- Exercise goal -
In the listing below, find the line with "Close up of" and the line with "Batter to make", then return them and every line between them exactly, minus the pictures.

[Data records Boundary: Start]

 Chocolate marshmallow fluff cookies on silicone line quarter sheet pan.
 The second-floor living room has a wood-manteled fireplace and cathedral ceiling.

[Data records Boundary: End]
[Data records Boundary: Start]

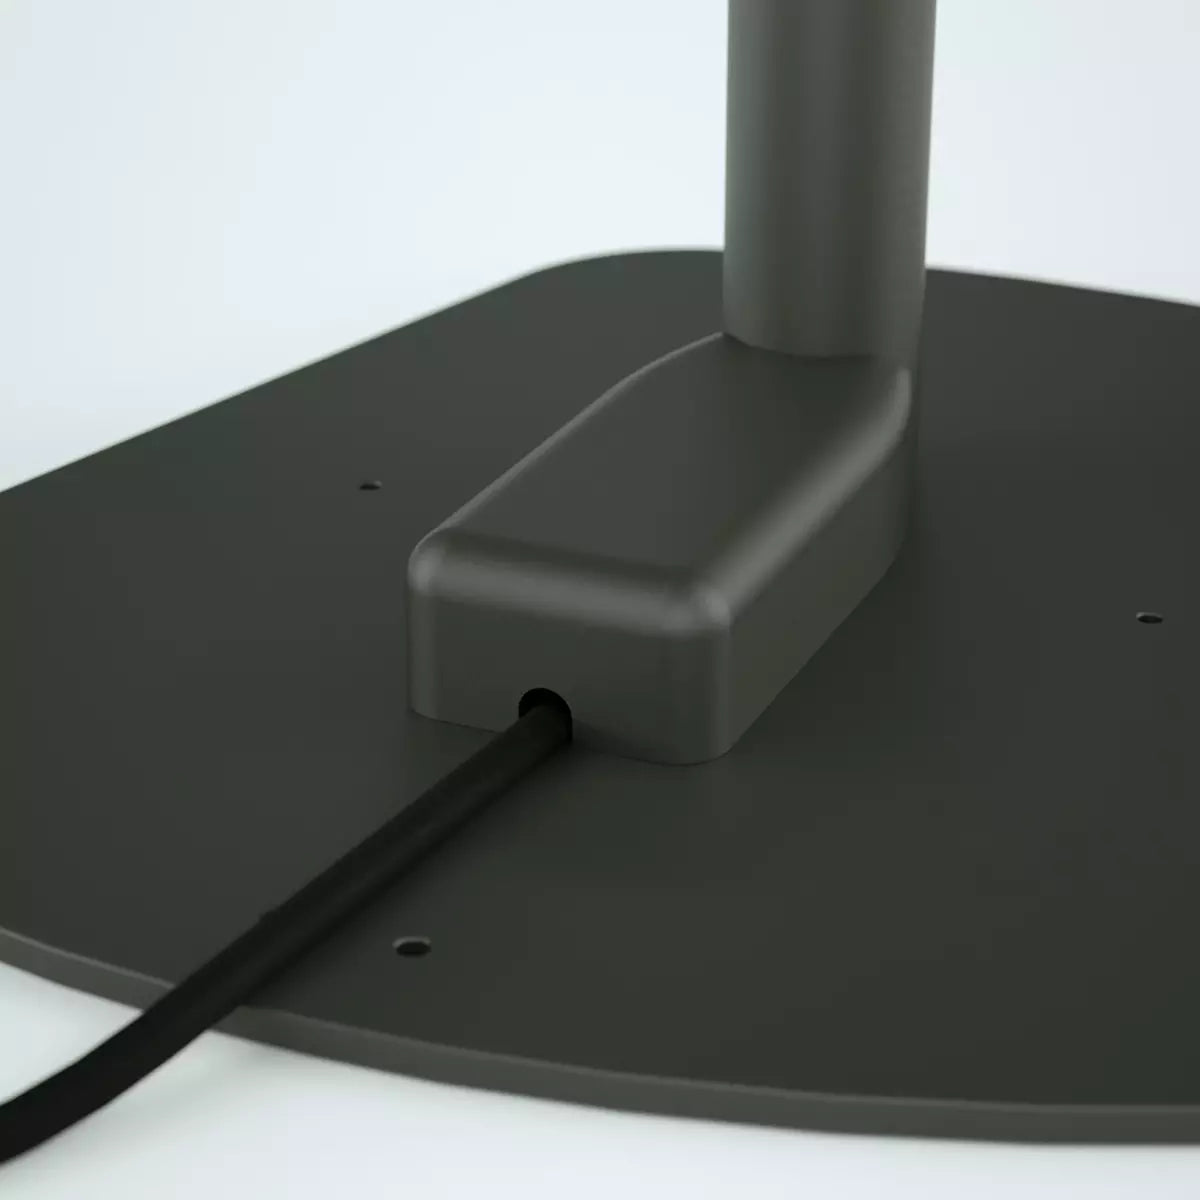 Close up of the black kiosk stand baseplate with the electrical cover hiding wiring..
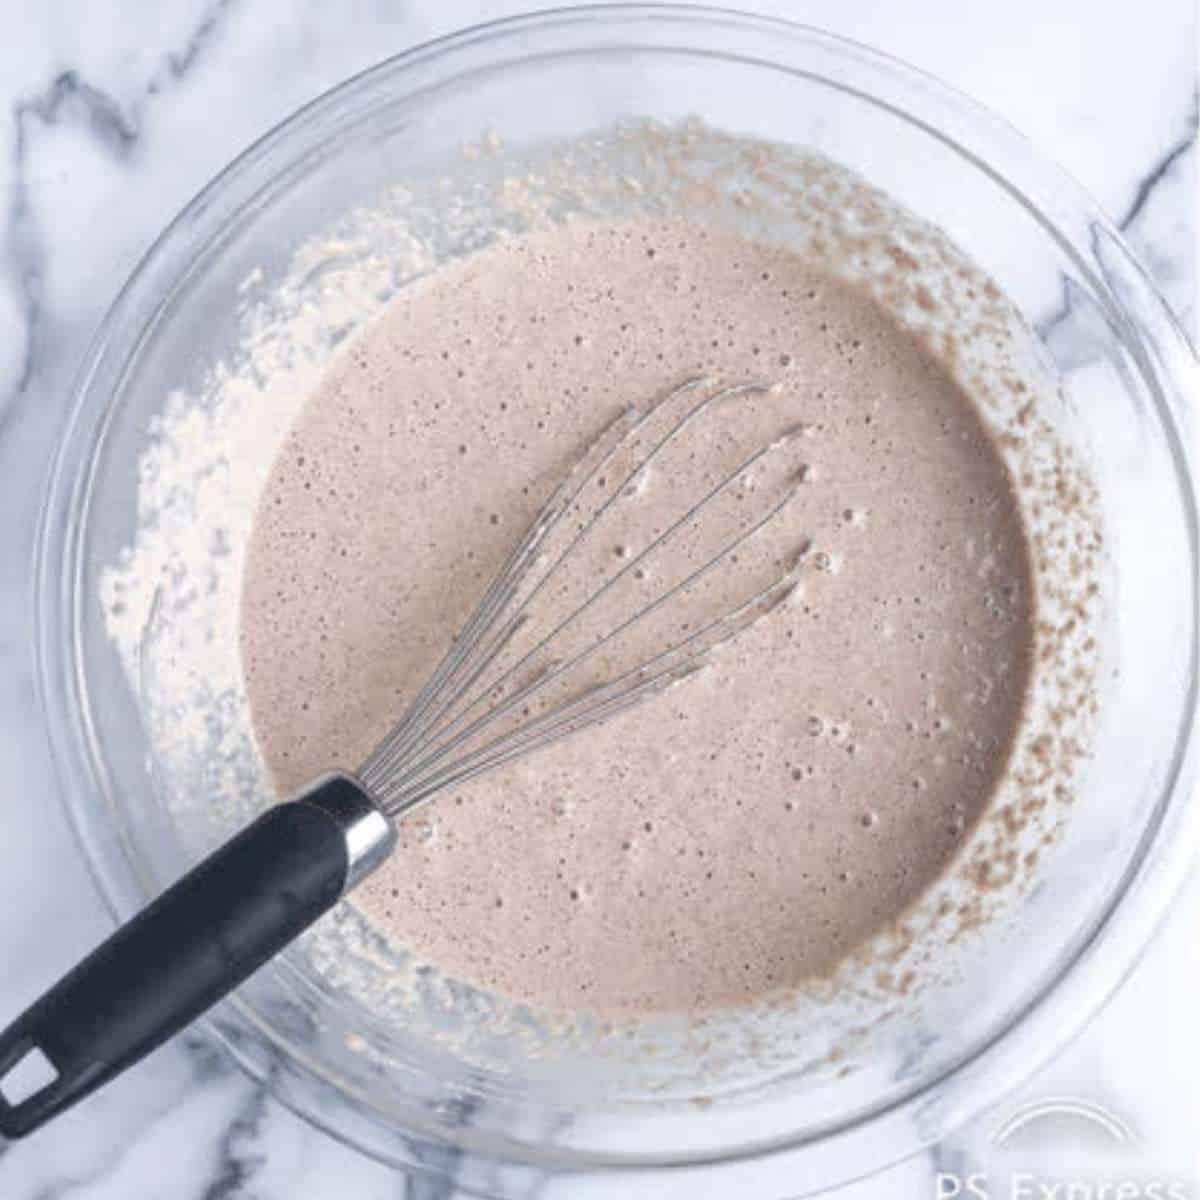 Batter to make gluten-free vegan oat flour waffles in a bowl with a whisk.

[Data records Boundary: End]

- Result of this task -
 Close up of the black kiosk stand baseplate with the electrical cover hiding wiring..
 Batter to make gluten-free vegan oat flour waffles in a bowl with a whisk.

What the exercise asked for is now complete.